WHY AREN'T YOU A DOCTOR YET


----------



## Ryukouki (Jul 6, 2014)

Tom Bombadildo said:


> FOR STUPID RYU AND HIS STUPID BIRTHDAY
> 
> HAPPY STUPID BIRTHDAY
> 
> ...


 
SCHOOL IS HARD  I CAN'T WAIT TO GO


----------



## K3N1 (Jul 6, 2014)

Is he going to use a scalpel to cut it?


----------



## Sicklyboy (Jul 6, 2014)




----------



## Snailface (Jul 6, 2014)

Its Ryu-Cookie.

Or Disgrace-to-Family-Cookie, your choice. 

HAPPY BIRTHDAY


----------



## Depravo (Jul 6, 2014)

Happy birthday Ryu! 

That pill bottle is marked with an R. Rohypnol?


----------



## Ryukouki (Jul 6, 2014)

Depravo said:


> Happy birthday Ryu!
> 
> That pill bottle is marked with an R. Rohypnol?

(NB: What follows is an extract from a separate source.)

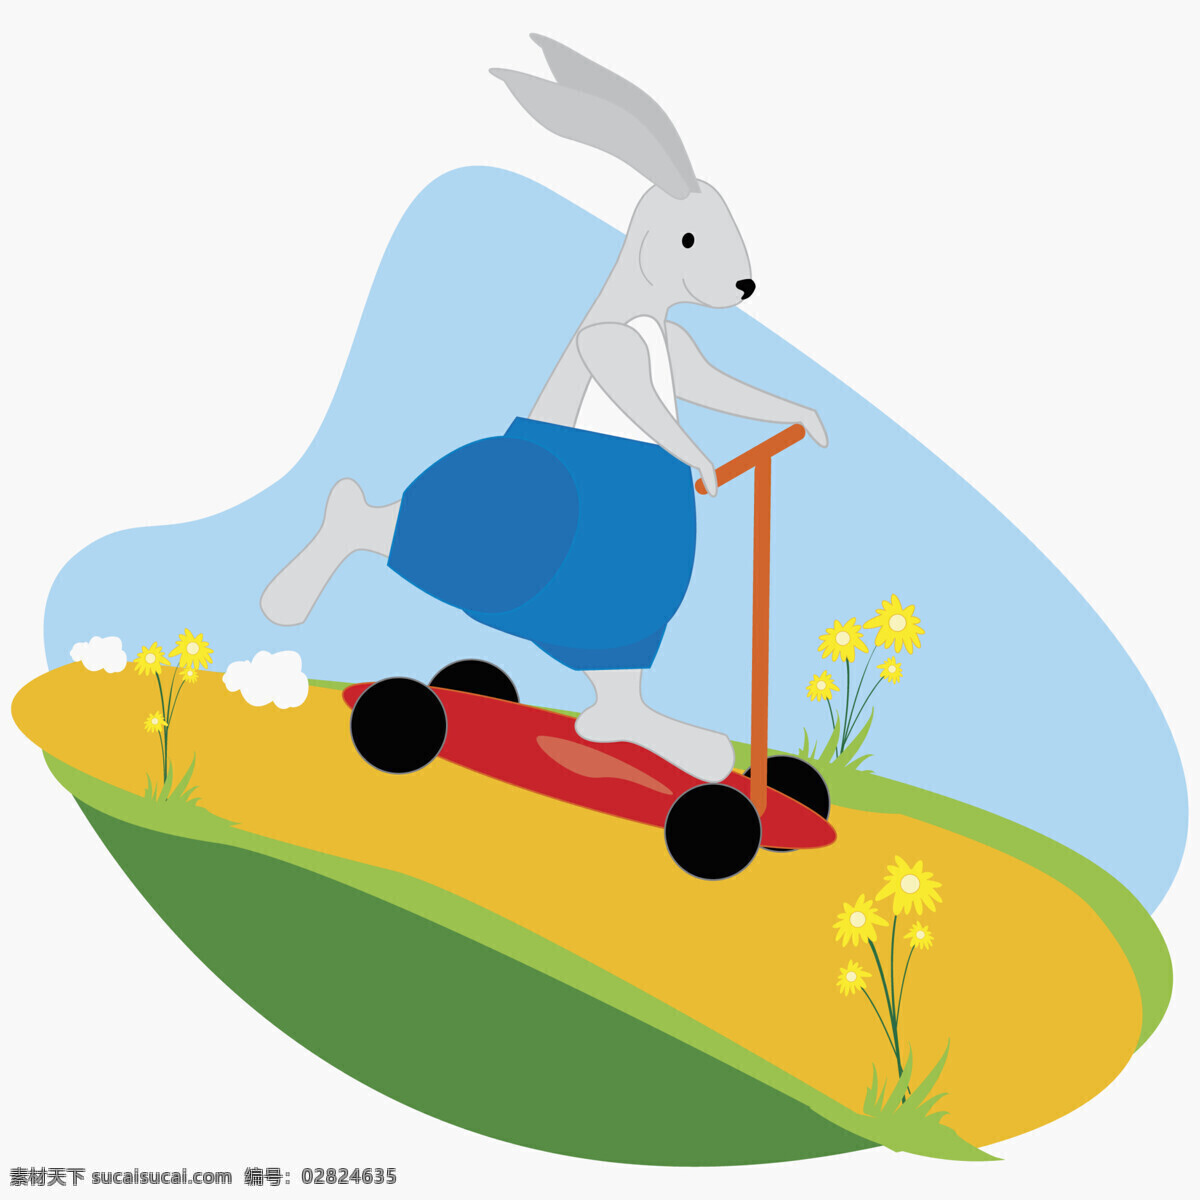 插画 动漫动画 动物 卡通 卡通兔 可爱 漫画 兔 设计素材 模板下载 小动物 兔子 滑滑车 插画集

Thanks!  it's also just an Rx symbol which means "take this." Nothing dramatic.


----------



## ComeTurismO (Jul 6, 2014)

Happy birthday, I want to make use of tapatalk and I will virtually gift you whatever is on my right. It's a TV. WELL, HERE YOU GO!


----------



## natkoden (Jul 6, 2014)

HB d00d


----------



## Densetsu (Jul 6, 2014)

Happy B-day?? Why you no happy A+day????

Disgrace to famiry!


----------



## Ryukouki (Jul 6, 2014)

Densetsu said:


> Happy B-day?? Why you no happy A+day????
> 
> Disgrace to famiry!


 

I'M A DISGRACE I ADMIT IT


----------



## Gahars (Jul 6, 2014)

It's hard getting old.

Happy Birthday, man!


----------



## Foxi4 (Jul 6, 2014)

Happy Vitaday, Ryu!


----------



## pyromaniac123 (Jul 6, 2014)

Happy vagina evacuation day!


----------



## Ryukouki (Jul 6, 2014)

pyromaniac123 said:


> Happy vagina evacuation day!


 

Shit you actually remembered saying that!  And thanks gais!


----------



## Veho (Jul 6, 2014)

You're not allowed to have birthdays until you're a doctor   
You doctor yet? 
You celebrate when you doctor   




Spoiler



Happy birthday Ryu


----------



## Ryukouki (Jul 6, 2014)

Veho said:


> You're not allowed to have birthdays until you're a doctor
> You doctor yet?
> You celebrate when you doctor
> 
> ...


 

It's the big 21 so this one's special.


----------



## DinohScene (Jul 6, 2014)

Happy Bilthday.
May you live rong rike glasshoppel.


----------



## ComeTurismO (Jul 6, 2014)

Why are you liking other people's posts and not mine?


----------



## migles (Jul 6, 2014)

ComeTurismO said:


> Why are you liking other people's posts and not mine?


 
because he could see the future. he knew you would complain.


----------



## migles (Jul 6, 2014)

ComeTurismO said:


> Ryukouki  likes this.



aww come on, now he does have 2 more likes that other guys

yes, this is a like contest, Y U NO LIKE ME MORE


----------



## The Catboy (Jul 6, 2014)

Happy day in which you were born!


----------



## Ryukouki (Jul 6, 2014)

Sank queue gais!


----------



## Hyro-Sama (Jul 6, 2014)

Happy birthday, Ryu!


----------



## EZ-Megaman (Jul 6, 2014)

Happy birthday. ^^;

Did you get/are you planning to get anything for it?


----------



## Ryukouki (Jul 6, 2014)

EZ-Megaman said:


> Happy birthday. ^^;
> 
> Did you get/are you planning to get anything for it?



I did! Money, clothes and an ipad air


----------



## Tom Bombadildo (Jul 6, 2014)

Ryukouki said:


> I did! Money, clothes and an ipad air


 
And?


----------



## Ryukouki (Jul 6, 2014)

Tom Bombadildo said:


> And?



And one three month PS+ from you! 

Edit:I'm totally at the beach right now, it's hot, I'm sleepy, and I forgot. Sawwy...


----------



## Walker D (Jul 6, 2014)

Happy Birthday mr. Cock-y  (go light on the alcohol ...nah, just drink it all and post some drunk comments on the Temp )


----------



## Densetsu (Jul 6, 2014)

Ryukouki said:


> It's the big 21 so this one's special.


Oh snap this movie is about you!!


----------



## BORTZ (Jul 7, 2014)

Happy Birthday


----------